Reliable diagnosis of Lyme disease caused by Borrelia burgdorferi at its early stage of infection is important for the timely implementation of appropriate treatments to prevent tissue damages and to achieve a “cure” of the disease [1]. However, the diagnosis of Lyme disease is primarily based on evaluating the highly variable symptoms, physical findings (e.g., rash), and the possibility of exposure to infected ticks [2,3]. The commonly used 2-tier serology laboratory test which usually only turns positive during convalescence of the infection is reported to be negative or non-diagnostic in 75% of the “clinically confirmed” cases of early Lyme disease [4]. Blood culture at the stage of bacteremia has met only limited success in specialized laboratories and offers little help to the timely management of patients suffering from early Lyme disease bacterial infection due to the slow growth rate of the spirochetes in artificial media [5]. Conventional polymerase chain reaction (PCR) amplification of the bacterial DNA for detection is not sensitive enough for routine diagnostic purpose because the copies of the target DNA extracted from the very low number of spirochetes in the patient blood samples are often below the limit of detection [6,7]. False positive PCR results have also been reported, and may be due to non-specific PCR amplification of irrelevant DNA in the patient samples [8,9]. Using species-specific primers, such as the LD1 and LD2 [10,11], and TEC1 [12] primers to amplify a highly conserved segment of the 16S ribosomal RNA gene DNA (16S rDNA) of B. burgdorferi sensu lato for detection, followed by direct DNA sequencing of the nested PCR amplicon for validation, has been used to provide sensitive and specific molecular diagnosis of Lyme arthritis [13] and early Lyme disease at the spirochetemic stage [14].

Recently, human infections by Borrelia miyamotoi—a spirochete distantly related to B. burgdorferi, but classified in the relapsing fever Borrelia group—have been reported in the United States [15,16]. Since B. miyamotoi is transmitted by the same Ixodes vector as B. burgdorferi sensu stricto [17], and may cause clinical symptoms similar to those of Lyme disease, including skin rashes [18], B. miyamotoi infection should be included in the differential diagnosis of patients presenting with unexplained fever, headache and myalgia with or without skin rash in Lyme disease-endemic areas during the seasons when ticks are active. Molecular assays are the only option to test for B. miyamotoi infection because this spirochete is hard to culture in modified Barbour-Stoenner-Kelly medium and the currently available two-tier serology test offers little help for its diagnosis [15,18].

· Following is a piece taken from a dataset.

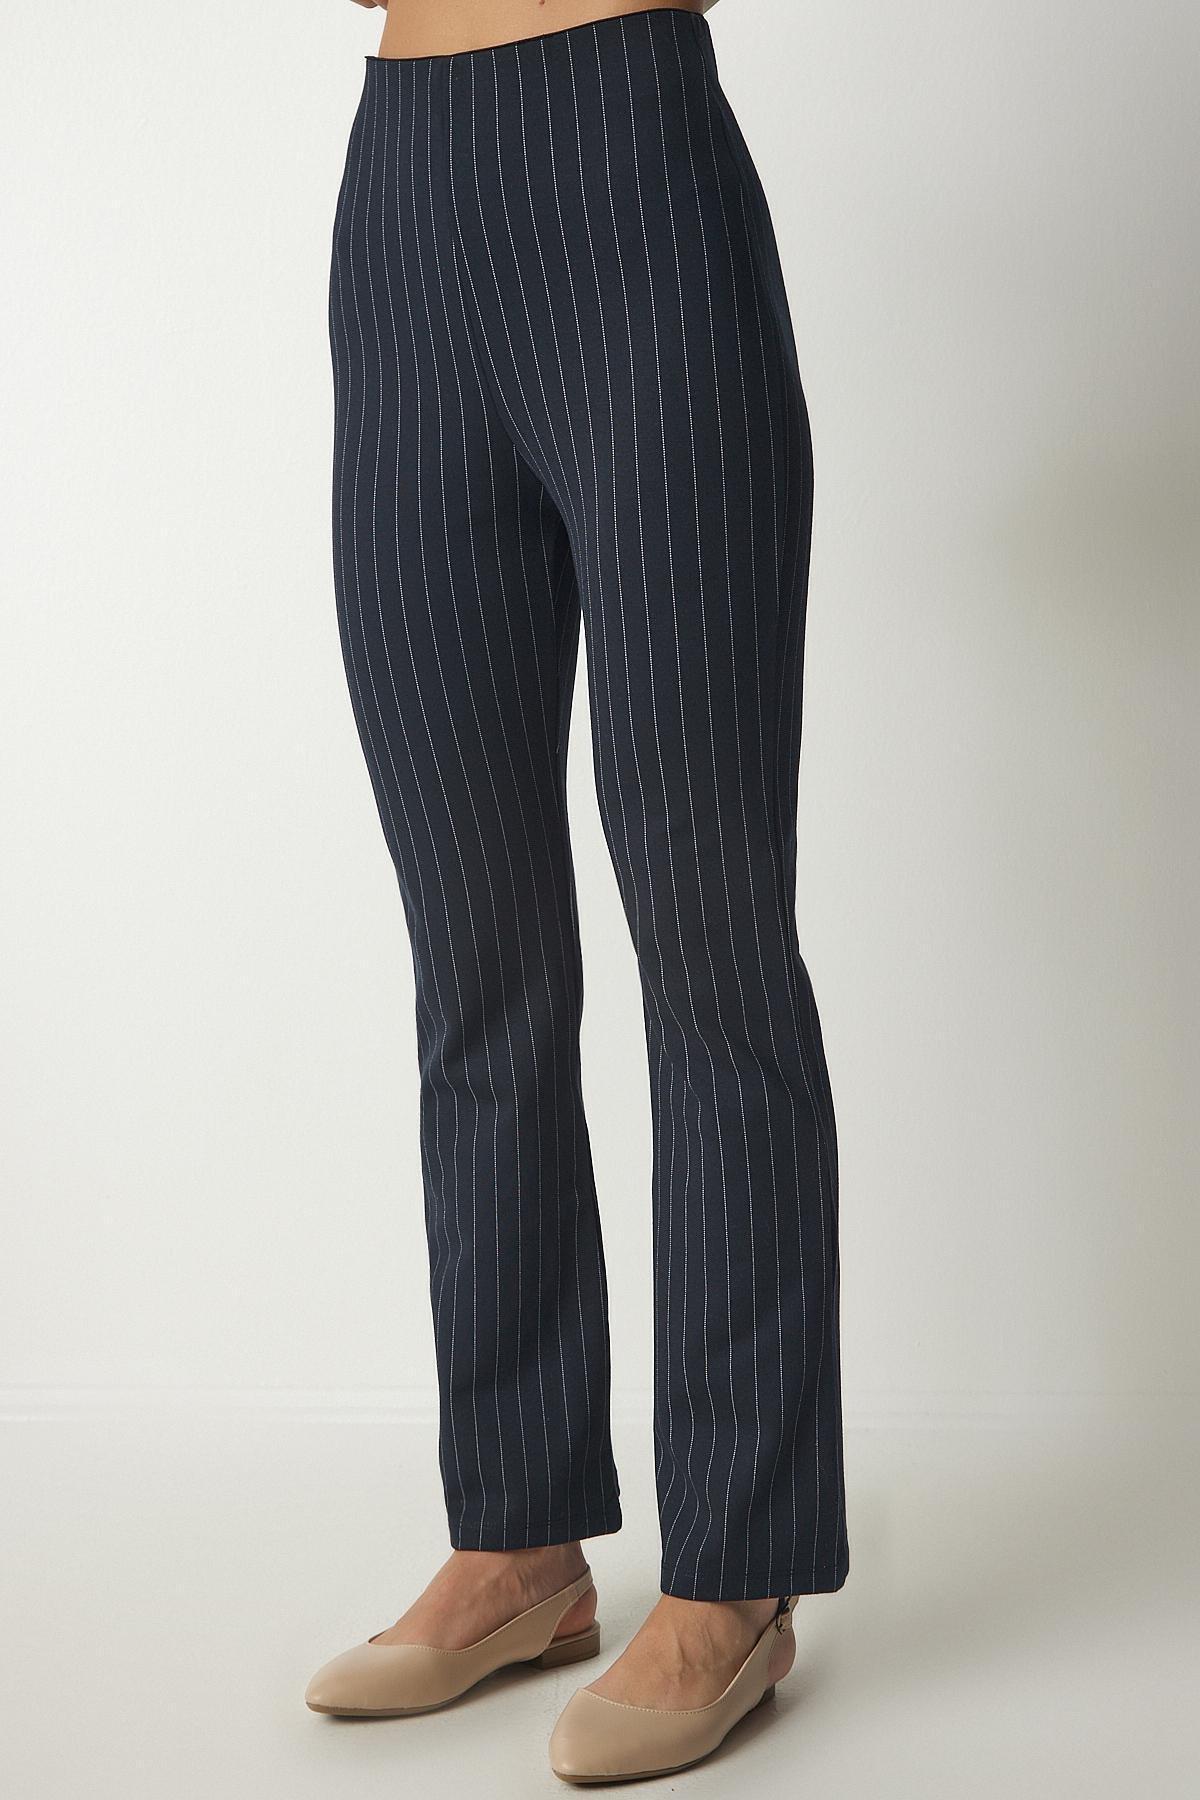 Happiness Istanbul - Navy Striped Casual Pants

In this paper, we introduce a pair of common PCR primers for same-nested PCR amplification of a highly conserved segment with hypervariable regions of the 16S rDNA of B. burgdorferi and B. miyamotoi followed by direct DNA sequencing of the PCR amplicon for the molecular diagnosis of these two borrelial infections in patients with spirochetemia. This highly sensitive, DNA sequencing-based test can even diagnose off-season spirochetemias with low bacterial density in the deep winter months in the Northeast of the United States when human exposure to tick bites was very limited.

2. Results and Discussion

Nested PCR amplification of a 600-nucleotide fragment of the 16S rDNA followed by direct DNA sequencing of the PCR amplicon has been used for construction of the phylogenetic tree of various Borrelia species [18,19]. One obstacle in transferring this methodology to diagnosing Lyme disease for patient care is the very low number of spirochetes in the blood of the patients even at the spirochetemic stage of the infection [6,20], and B. burgdorferi sensu stricto contains only one copy of 16S rDNA per cell [21]. PCR amplification of a 600-bp target DNA for direct DNA sequencing is technically challenging in a routine diagnostic laboratory because the sensitivity of 16S rDNA PCR amplification in diagnostic clinical microbiology is inversely related to the size of the PCR amplicon [22]. In addition, to construct the phylogenetic tree it is desirable to perform DNA sequencing on a segment of the gene with highly variable regions for its discriminatory power to distinguish different closely related species. The 600-nucleotide fragment of 16S rDNA selected for borrelial speciation [18,19] encompasses the highly discriminatory V-regions 1, 2, 3 and 4 of the 16S rDNA [23]. However, for molecular diagnostic nucleic acid amplification tests it is more beneficial to target less species-specific regions for amplification so that one fixed set of primers may detect as many clinically relevant pathogens of the same group as possible for timely diagnosis and patient management. For the latter reason, clinical laboratory diagnosticians are most interested in developing general PCR primers capable of amplifying a highly conserved segment of the 16S rDNA for all of the three tick-borne pathogenic borrelial species known to be prevalent in Europe and in the U.S.A., namely the species of B. burgdorferi sensu stricto, B. garinii and B. afzelii, often collectively referred to as B. burgdorferi sensu lato [24].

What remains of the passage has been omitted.